Open smoia opened 6 months ago

smoia commented 6 months ago

Quick check inspired by PR#5 in physioqc. When resampling a physio object post peak detection, the indexes of peaks and troughs are not interpolated.

Expected Behavior

Say p is a physio object with fs=4, on which peak detection was performed. g is the downsampled version of p to fs=2, h is the upsampled version of p to fs=8.

Either:

In [25]: len(p)
Out[25]: 100

In [26]: p.peaks
Out[26]: array([14, 17, 29, 31, 38, 40, 53, 56, 58, 65, 81, 87, 91, 96])

In [27]: len(g)
Out[27]: 50

In [28]: g.peaks
Out[28]: array([7, 9, 15, 16, 19, 20, 27, 28, 29, 33, 41, 44, 46, 48])
# Eventually, cases like that 15-16, 19-20, 27-28-29 should be solved by running a quick local maxima detection - in fact the maxima detection should be run on all neighbours of the index, especially when the modulo of the partition is not 0.

In [29]: len(h)
Out[29]: 200

In [30]: h.peaks
Out[30]: array([28,  34,  58,  62,  76,  80, 106, 112, 116, 130, 162, 174, 182, 192])

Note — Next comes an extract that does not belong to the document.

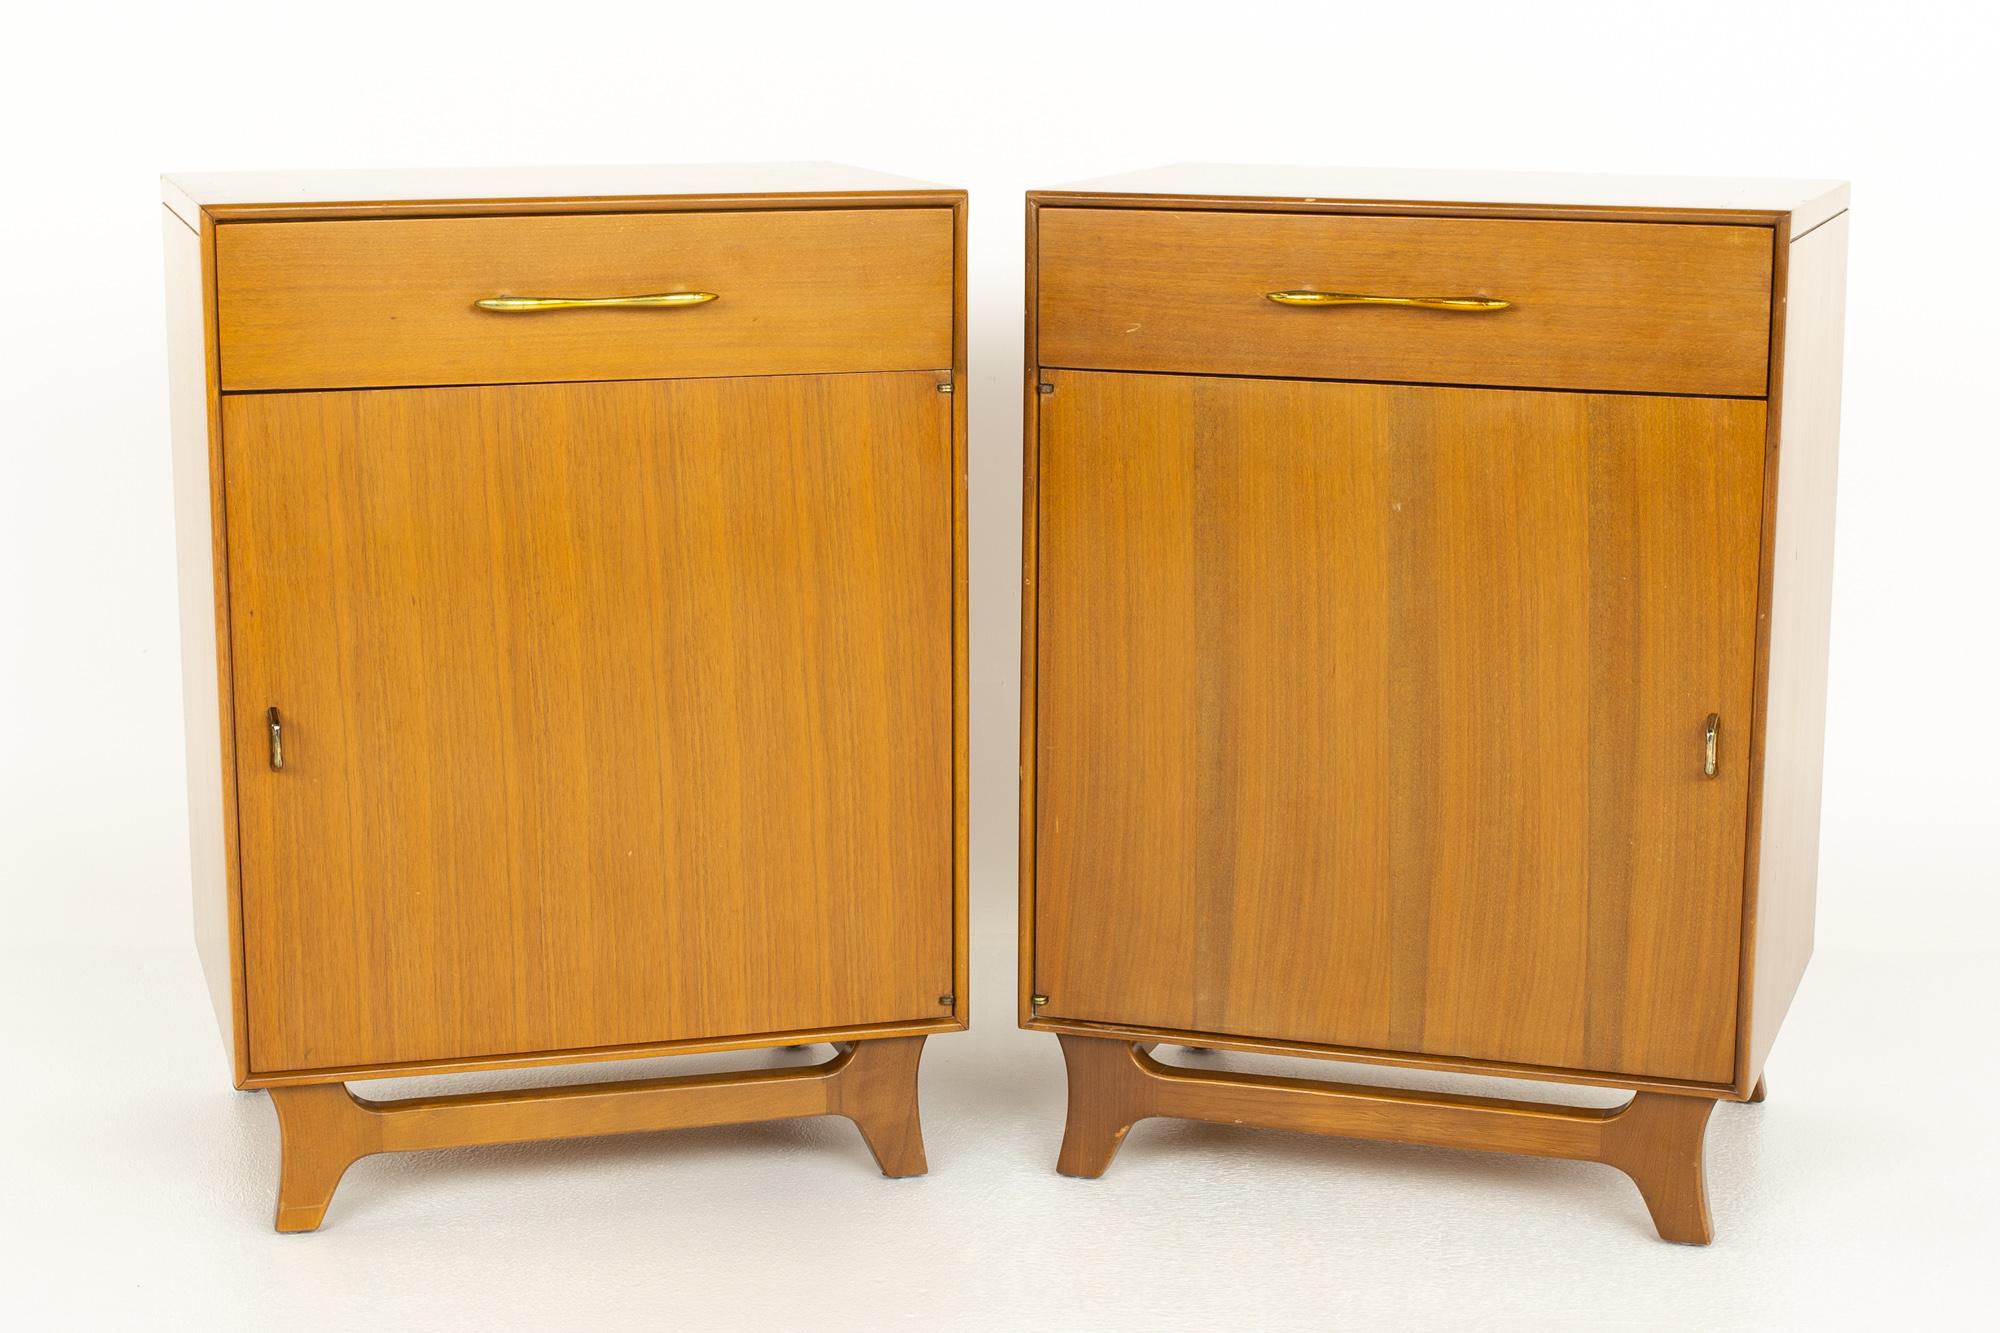 Rway Mid Century Walnut and Brass Nightstands - A Pair

These nightstands measure: 19.75 wide x 15.5 deep x 27.25 inches high

?All pieces of furniture can be had in what we call restored vintage condition. That means the piece is restored upon
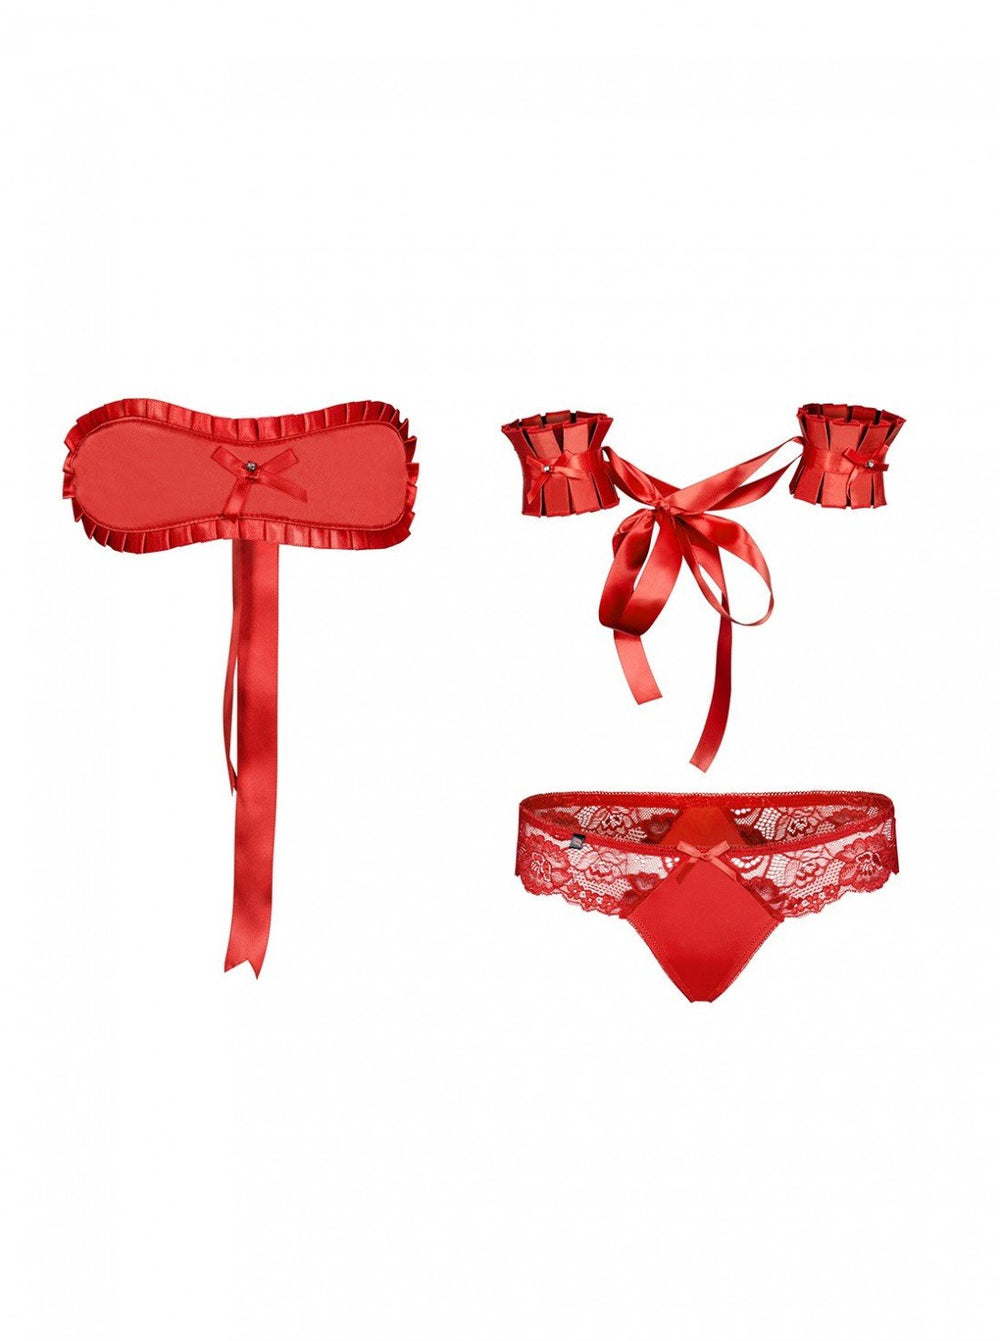 red satin mask and cuffs

Or raise a warning on resampling (specifically downsampling) that peak data will be removed.

Actual Behavior

In [25]: len(p)
Out[25]: 100

In [26]: p.peaks
Out[26]: array([14, 17, 29, 31, 38, 40, 53, 56, 58, 65, 81, 87, 91, 96])

In [27]: len(g)
Out[27]: 50

In [28]: g.peaks
Out[28]: array([14, 17, 29, 31, 38, 40, 53, 56, 58, 65, 81, 87, 91, 96])

In [29]: len(h)
Out[29]: 200

In [30]: h.peaks
Out[30]: array([14, 17, 29, 31, 38, 40, 53, 56, 58, 65, 81, 87, 91, 96])

(same for troughs btw).

Steps to Reproduce the Problem

import numpy as np
import peakdet as pk
import matplotlib.pyplot as plt
a = np.random.randn(100)
p = pk.Physio(a, fs=4)
pk.plot_physio(p)
plt.show()
p = pk.peakfind_physio(p)
pk.plot_physio(p)
plt.show()
g = pk.interpolate_physio(p, 2)
h = pk.interpolate_physio(p, 8)
plt.show(g)
pk.plot_physio(g)
len(p)
p.peaks
len(g)
g.peaks
len(h)
h.peaks

Specifications

- Python version: 3.8.10
- peakdet version: 0.3.0
- Platform: Ubuntu

Possible solution

Best:

  1. compute the new indexes of peaks and troughs based on the resampling ratio (target fs / current fs)
  2. understand if rounding the computed indexes (up/down/both) constantly hits the new true peaks after resampling
  3. on downsampling, run local maxima detection (two neighbouring indexes, for a total of 2-3) especially when peak indexes are clustered together (see expected behaviour output)
  4. on upsampling, if (2) does not hit the right index all the time, implement a maxima detection on neighbouring indexes (5 adjacent or based on resampling ratio)

Less good but fair: remove peak and trough metadata on down-/re-sampling, raise a warning, invite to run peak detection again (and remind that the history can help repeat steps so far).